Sensible lessons about life and investing in general are few and far between.
- The big money is not in the buying and the selling, but in the waiting.
- People calculate too much and think too little.
- Those who keep learning, will keep rising in life. (also: If you keep learning all the time you have a huge advantage.)
- You must force yourself to consider opposing arguments. Especially when they challenge your best-loved ideas.
- This habit of committing far more time to learning and thinking than to doing is no accident.
- Invert, always invert: Turn a situation or problem upside down. Look at it backward.
- Acknowledging what you don’t know is the dawning of wisdom.
- Remember that reputation and integrity are your most valuable assets—and can be lost in a heartbeat.
- I believe in the discipline of mastering the best that other people have ever figured out. I don’t believe in just sitting down and trying to dream it all up yourself. Nobody’s that smart…
- We (Warren Buffett and I) both insist on a lot of time being available almost every day to just sit and think. That is very uncommon in American business. We read and think.
- We have three baskets for investing: yes, no, and too tough to understand.
- It’s not supposed to be easy. Anyone who finds it easy is stupid.
- It takes the character to sit with all that cash and to do nothing. I didn’t get to where I am by going after mediocre opportunities.
- Invest in a business any fool can run, because someday a fool will. If it won’t stand a little mismanagement, it’s not much of a business.
- Our game is to recognize a big idea when it comes along when one doesn’t come along very often. Opportunity comes to the prepared mind.
- When you borrow a man’s car, always return it with a tank of gas.
- “Quickly identify mistakes and take action.”
- “Part of what you must learn is how to handle mistakes and new facts that change the odds. Life, in part, is like a poker game, wherein you have to learn to quit sometimes when holding a much loved hand.”
- We recognized early on that very smart people do very dumb things, and we wanted to know why and who, so that we could avoid them.

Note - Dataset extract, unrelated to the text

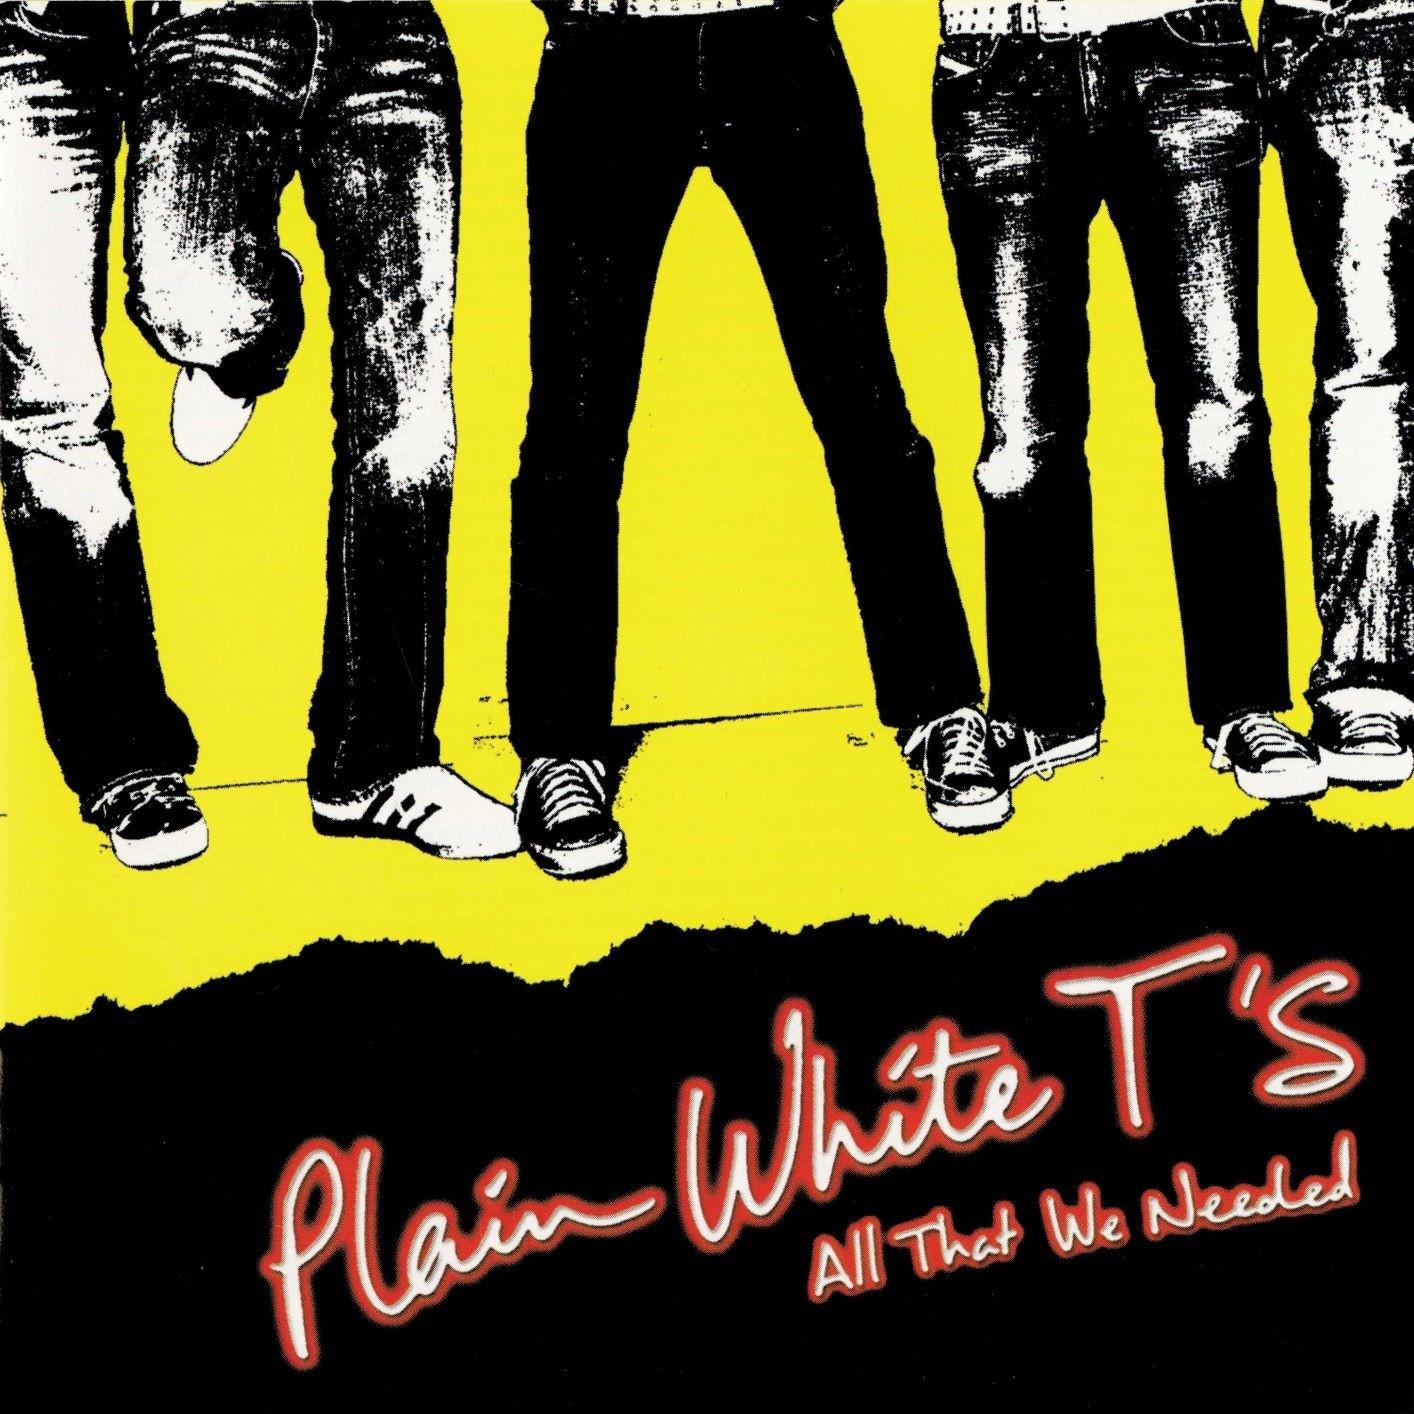 Plain White T's - All That We Needed (Red) Vinyl LP

- Is there such a thing as a cheerful pessimist? That’s what I am.
- Spend each day trying to be a little wiser than you were when you woke up.
My favourites are 10 and 16. Few people want to spend time thinking in fact a recent study I came across suggested that people would much rather receive a mild electrical shock to their genitals than spend eight minutes alone thinking. I could also add to 16 that as a passenger you never ever touch the radio.